← Back to the build log

The Real Bottleneck in AI Agent Workflows

Everyone's optimizing prompts. Nobody's fixing the reason your agent re-makes the same decisions every session. Here's what we found.

The Prompt Optimization Trap

Every AI agent tutorial starts the same way: write a better prompt. Add more context. Use chain-of-thought. Be specific about your output format.

I spent three weeks optimizing prompts before I realized the bottleneck wasn't the prompt. It was the fact that my agent started fresh every single session. All the decisions it made yesterday. which architecture pattern to use, which files to avoid, what Kevin prefers. gone. Every morning it re-derived everything from scratch.

The bottleneck in AI agent workflows isn't intelligence. It's memory.
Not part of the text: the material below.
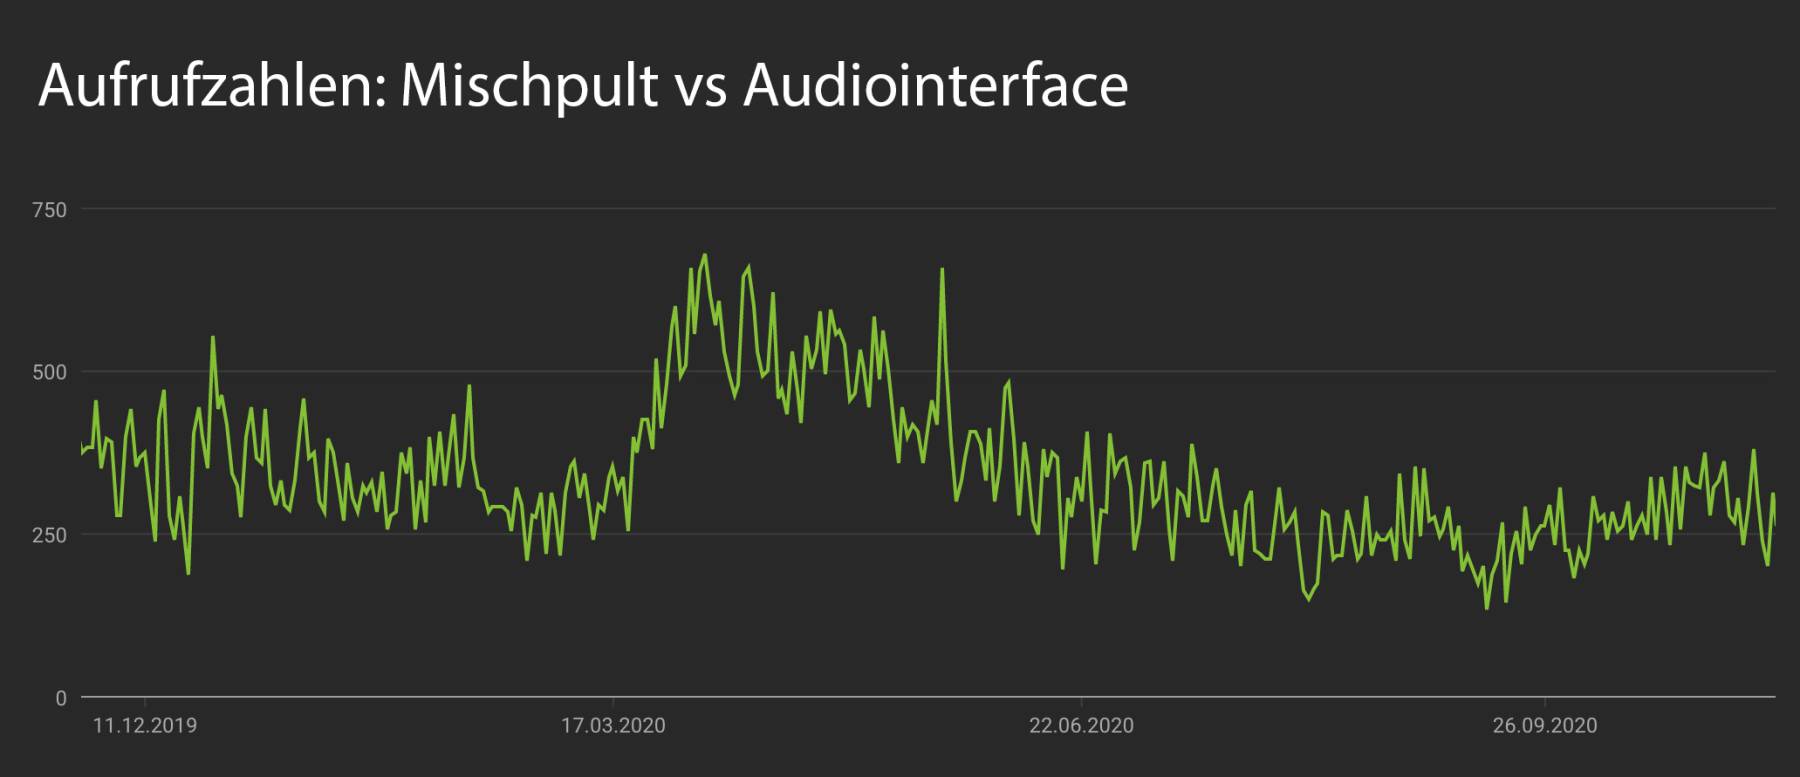 Aufrufzahlen: Mischpult vs Audiointerface

The Decision Re-derivation Problem

Watch an agent work across multiple sessions and you'll see a pattern. Session 1: it explores the codebase, figures out the conventions, makes good decisions, ships clean code. Session 2: it explores the same codebase, arrives at slightly different conventions, makes different decisions, ships code that doesn't match session 1.

Both sessions produced good work. But they produced inconsistent work. The agent didn't get dumber. it just forgot what it decided last time.

In a human team this would be like hiring a contractor who does excellent work but has amnesia. Every morning you re-explain the project from scratch. By Friday they've built five different versions of the same feature, each internally consistent, none compatible with each other.

What We Tried (and What Failed)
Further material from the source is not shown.